In this post we describe the full technical details of the vulnerabilities we found with the following sections:
What is OMI
Who is Vulnerable
The OMI Attack Surface
Technical Overview of Selected Vulnerabilities
Key Takeaways
Disclosure Timeline
Appendix: Full Technical Details
Note that this is only a partial list. Let us know if you are aware of more Azure services silently deploying OMI.
Why the OMI Attack Surface is interesting to attackers
The OMI agent runs as root with high privileges. Any user can communicate with it using a UNIX socket or sometimes using an HTTP API when configured to allow external usage. As a result, OMI represents a possible attack surface where a vulnerability allows external users or low privileged users to remotely execute code on target machines or escalate privileges.
Some Azure products, such as Configuration Management, expose an HTTPS port for interacting with OMI (port 5986 also known as WinRM port). This configuration enables the RCE vulnerability (CVE-2021-38647). It’s important to mention that most Azure services that use OMI deploy it without exposing the HTTPS port.

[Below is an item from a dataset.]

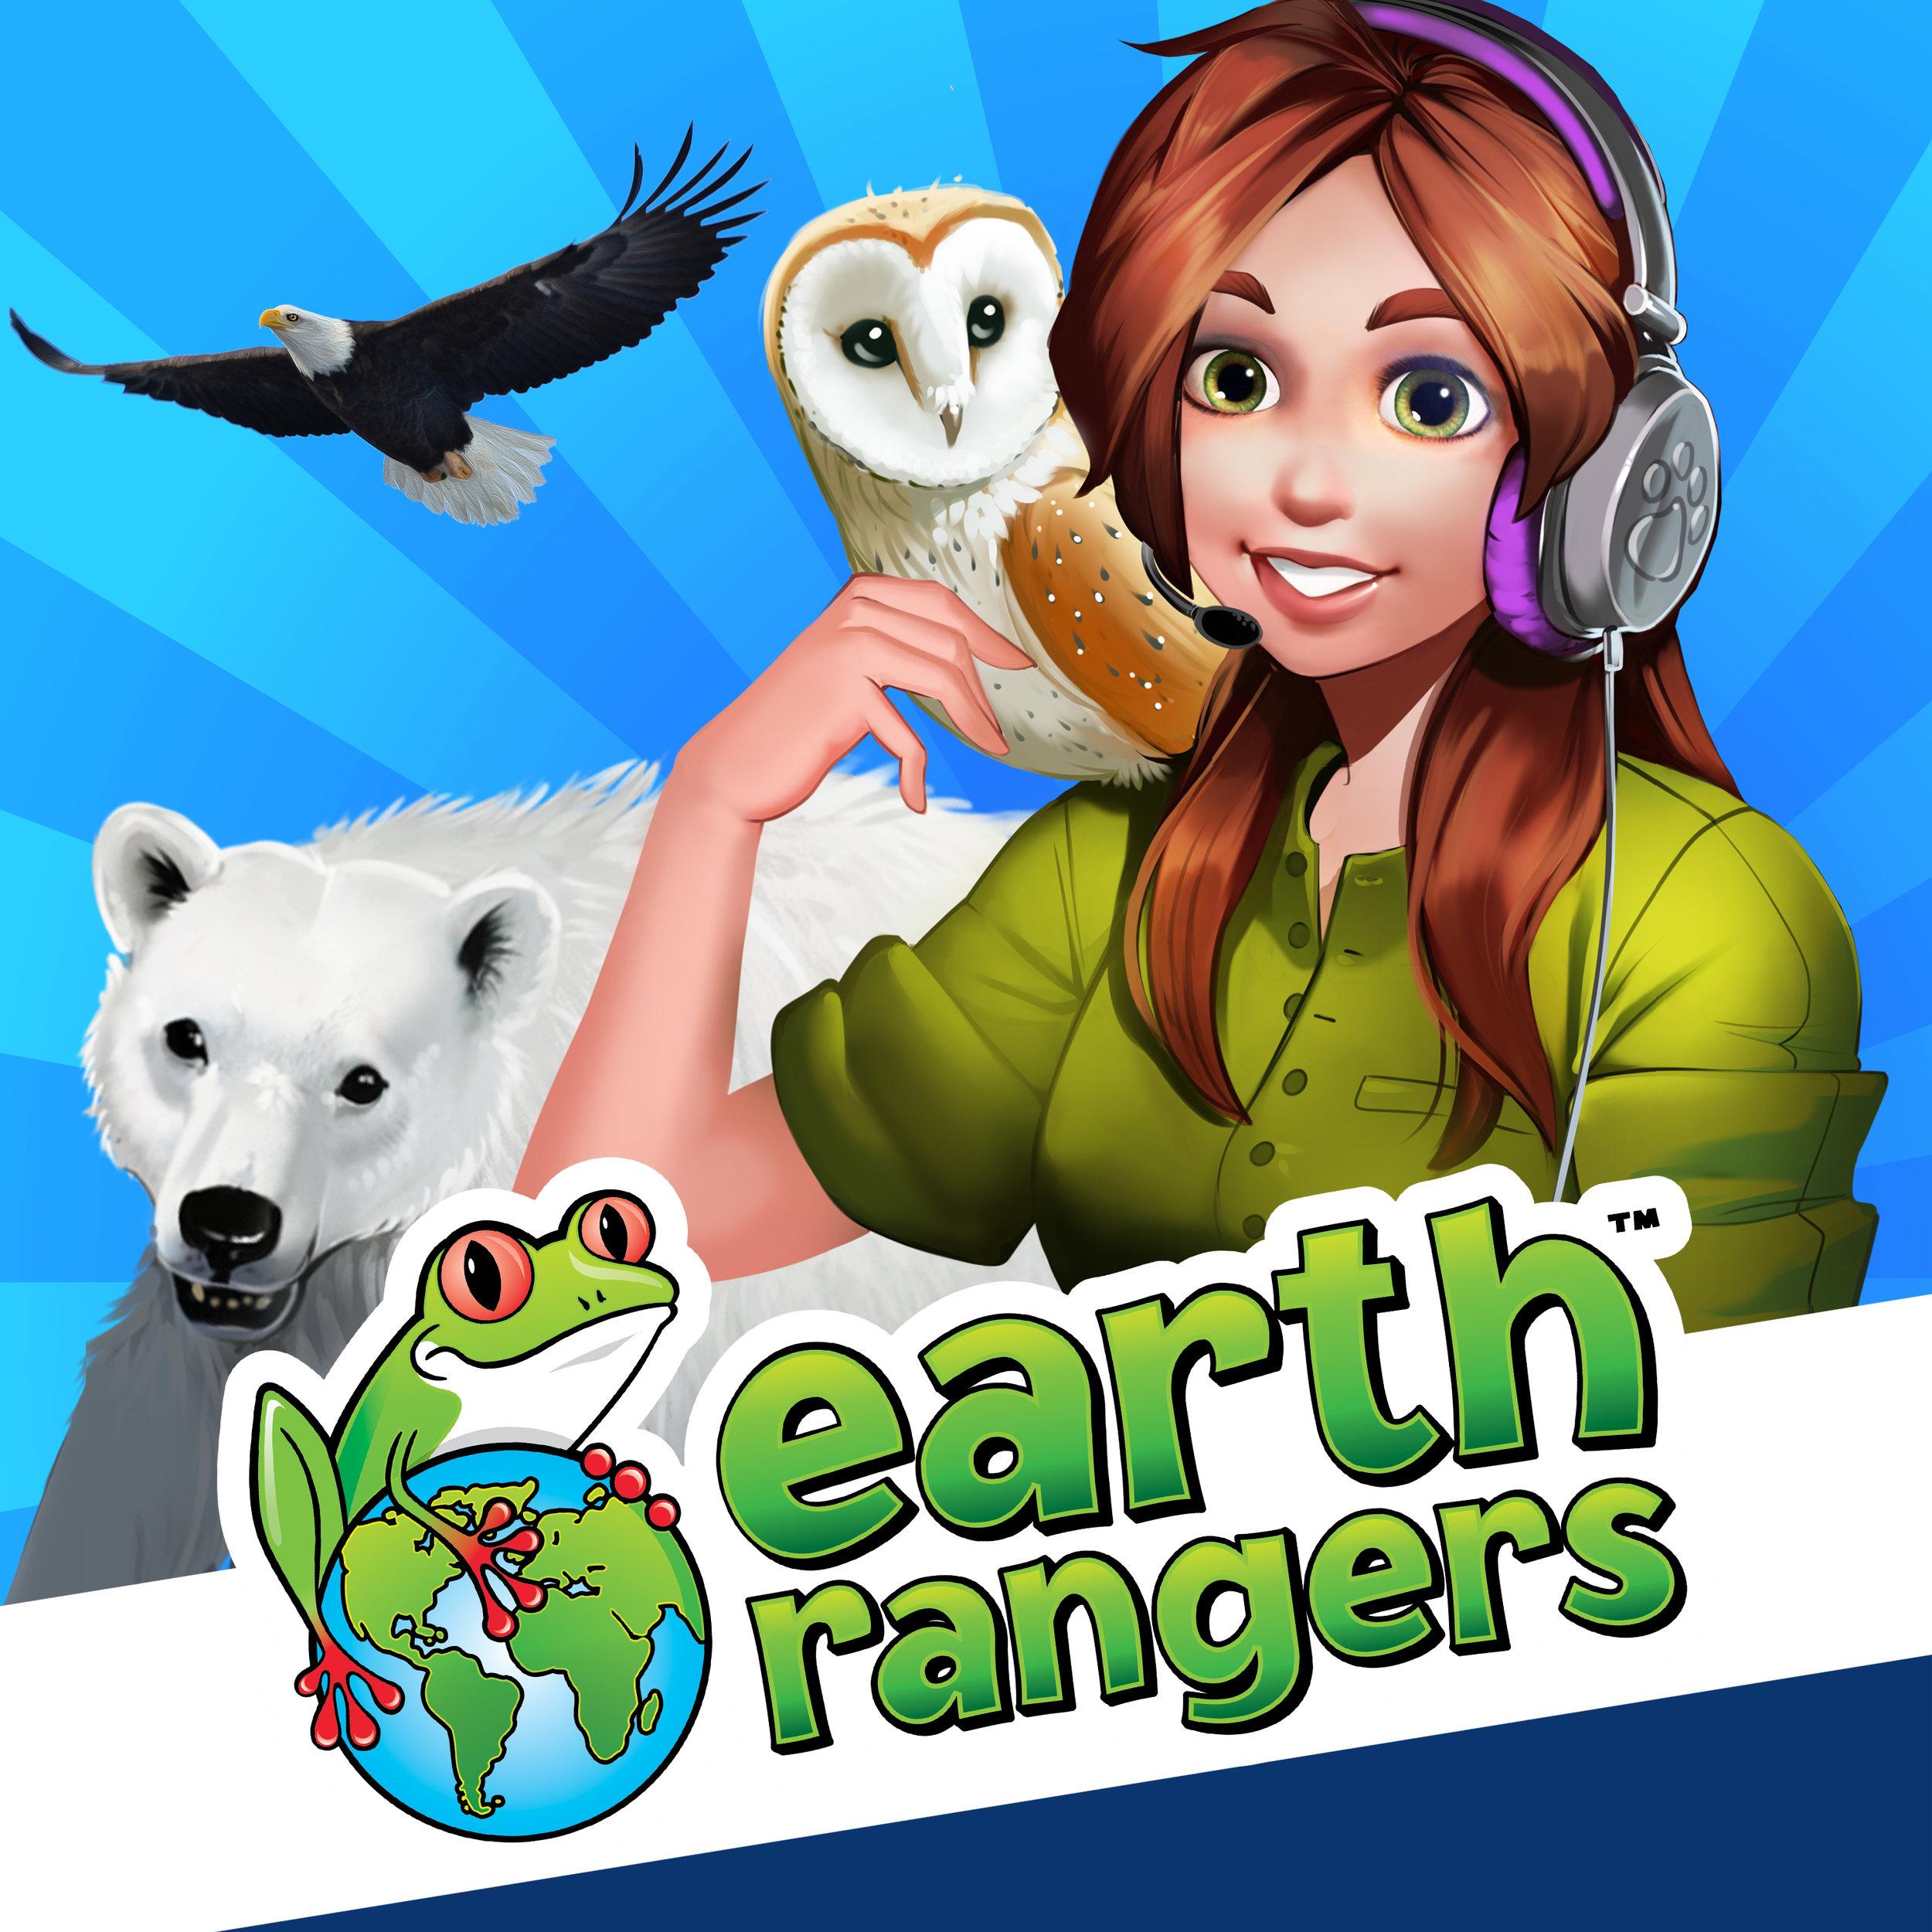 Earthrangers season 2 logo 3000px.jpg

Note that in the scenarios where the OMI ports (5986/5985/1270) are accessible to the internet to allow for remote management, this vulnerability can be also used by attackers to obtain initial access to a target Azure environment and then move laterally within it. Thus, an exposed HTTPS port is a holy grail for malicious attackers. As depicted in the diagram below, with one simple exploit they can get access to new targets, execute commands at the highest privileges and possibly spread to new target machines.
The other three vulnerabilities are classified as privilege escalation vulnerabilities, and they can enable attackers to gain the highest privileges on a machine with OMI installed. Attackers often use such vulnerabilities as part of sophisticated attack chains, after gaining initial low privileged access to their targets.
CVE-2021-38647 - Remote Code Execution - Remove the Authentication header and you are root
This is a textbook RCE vulnerability, straight from the 90’s but happening in 2021 and affecting millions of endpoints. With a single packet, an attacker can become root on a remote machine by simply removing the authentication header. How can it be so simple?
Thanks to the combination of a simple conditional statement coding mistake and an uninitialized authentication struct, any request without an Authorization header has its privileges default to uid=0, gid=0, which is root. O-MI-GOD!
This vulnerability allows for remote takeover when OMI exposes the HTTPS management port externally (5986/5985/1270). This is in fact the default configuration when installed standalone and in Azure Configuration Management or System Center Operations Manager (SCOM). Fortunately, other Azure services (such as Log Analytics) do not expose this port and thus the scope is limited to local privilege escalation.
The diagram below illustrates the unexpected behavior of OMI when a command execution request is issued with no Authorization header.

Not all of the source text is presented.